SPSS CROSSTABS - Multiway Tables

Multiway tables result from including more than one BY clause in CROSSTABS. Like so, the syntax below produces frequencies of sector_2011 for each combination of gender and sector_2010 separately. The following screenshot shows (part of) the result.

*Three way crosstab (or contingency table).

crosstabs sector_2010 by sector_2011 by gender
/cells column.

SPSS CROSSTABS - Multiple Tables, Similar Columns

Multiple tables with the same column variable but different row variables can be generated by a single CROSSTABS command; simply specify multiple variable names (possibly using TO) before the BY keyword. The syntax below gives an example.

*Multiple tables, same column variable, different row variables.

crosstabs sector_2011 to sector_2014 by sector_2010.

SPSS CROSSTABS - Multiple Tables, Similar Rows

Multiple variables being specified after the BY keyword results in multiple tables with different column variables but the same row variable.

*Multiple tables, same row variable, different column variables.

crosstabs sector_2010 by sector_2011 to sector_2014.

SPSS CROSSTABS - BARCHART Subcommand

Clustered barcharts can be obtained from CROSSTABS by simply adding a BARCHART subcommand as shown below. However, we prefer to generate such charts via GRAPH because it allows us to set appropriate titles for our charts.
Charts resulting from either option can be styled with an SPSS Chart Template (.sgt) file, which we used for the following screenshot.

*Crosstab with barchart.

crosstabs sector_2010 by sector_2011
/cells column
/barchart.

SPSS CROSSTABS - STATISTICS Subcommand

As mentioned in the introduction of this tutorial, CROSSTABS offers a chi-square test for evaluating the statistical significance of an association among the variables involved.
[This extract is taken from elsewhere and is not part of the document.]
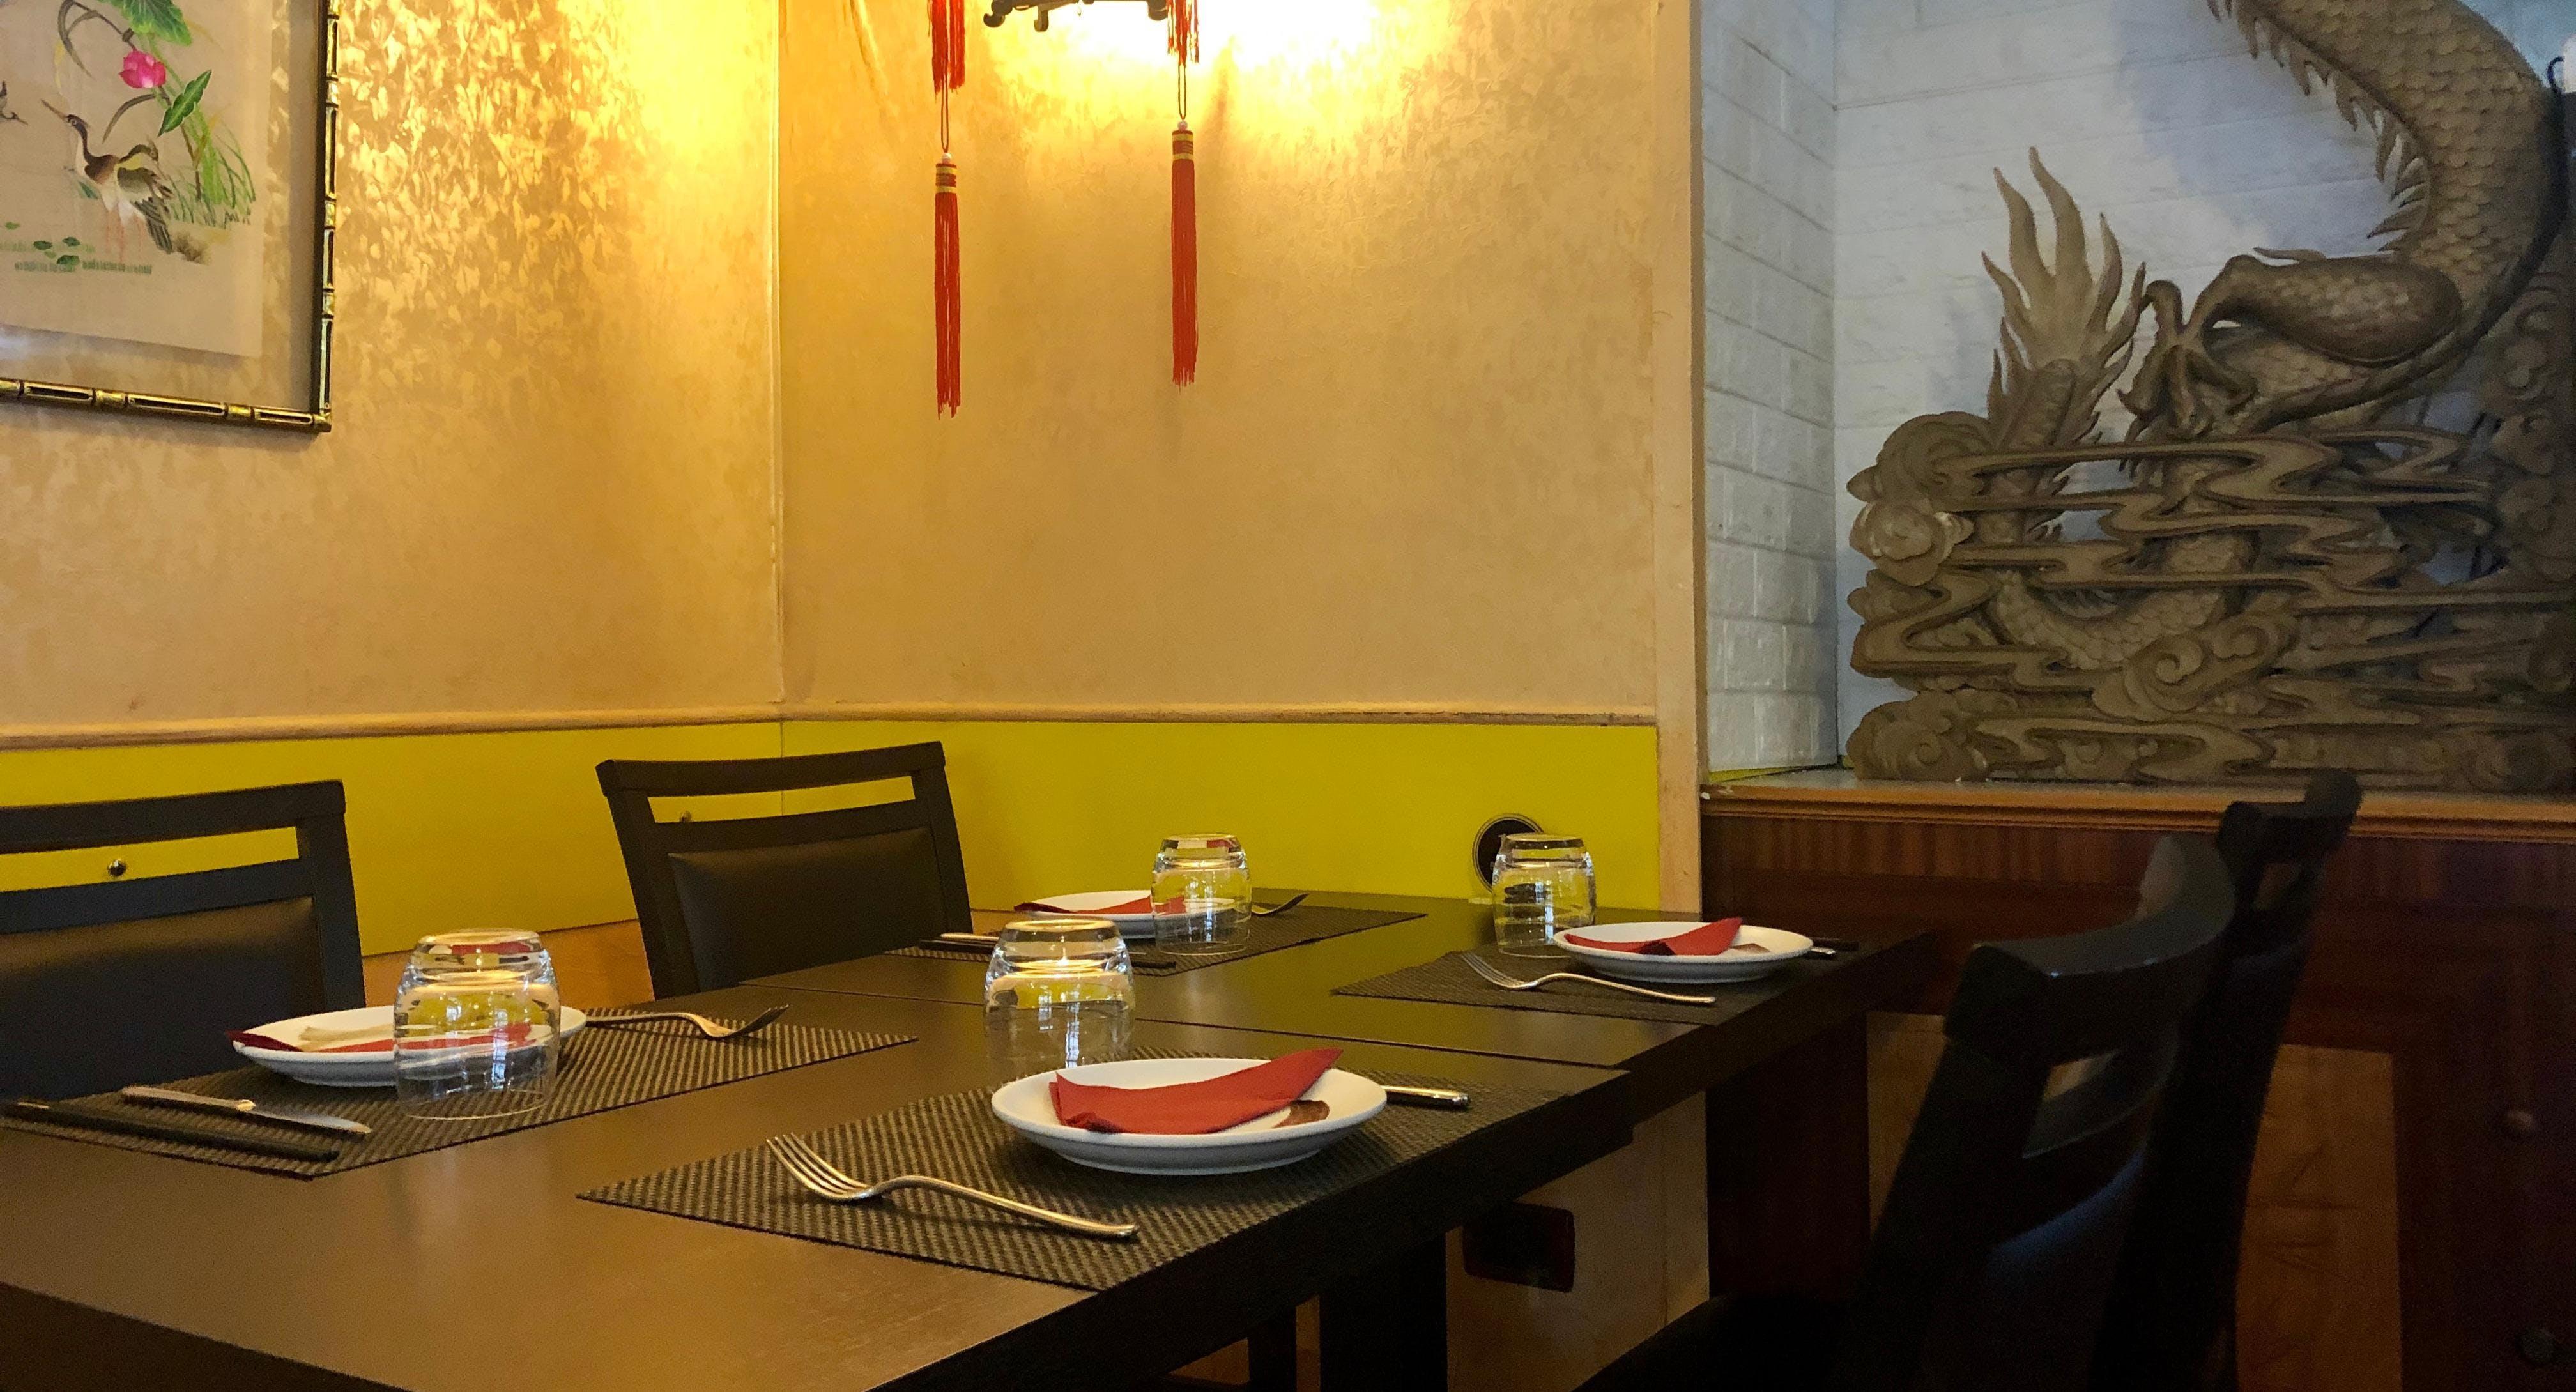 HongKong Palermo Ristorante Cinese & Giapponese

It's obtained by specifying CHISQ on the STATISTICS subcommand.
Do keep in mind that SPSS happily produces test results even if their statistical assumptions don't hold, in which case such results may be wildly incorrect.
Besides the chi-square test statistic, many other statistics are available. For a full overview, specify ALL on the STATISTICS subcommand or consult the command syntax reference.

*Crosstabs with chi squared independence test.

crosstabs sector_2010 by sector_2011
/cells column
/statistics chisq.

SPSS MEANS – Statistics by Category

SPSS MEANS produces tables containing means and/or other statistics for different groups of cases. These groups are defined by one or more categorical variables. If assumptions are met, MEANS can be followed up by an ANOVA.
This tutorial walks through its main options, pointing out some tips and tricks. You may follow along by downloading and opening freelancers.sav.

SPSS Quick Data Check

Since we'll run some tables on income_2010, we'll first take a quick look at its histogram by running FREQUENCIES. Note that the second line in the syntax below suppresses frequency tables. We also hide all decimals for income_2010 with FORMATS for suppressing excessive decimals in the output tables.

*1. Quick check.

frequencies income_2010
/format notable
/histogram.

*2. Suppress excessive decimal places somewhat.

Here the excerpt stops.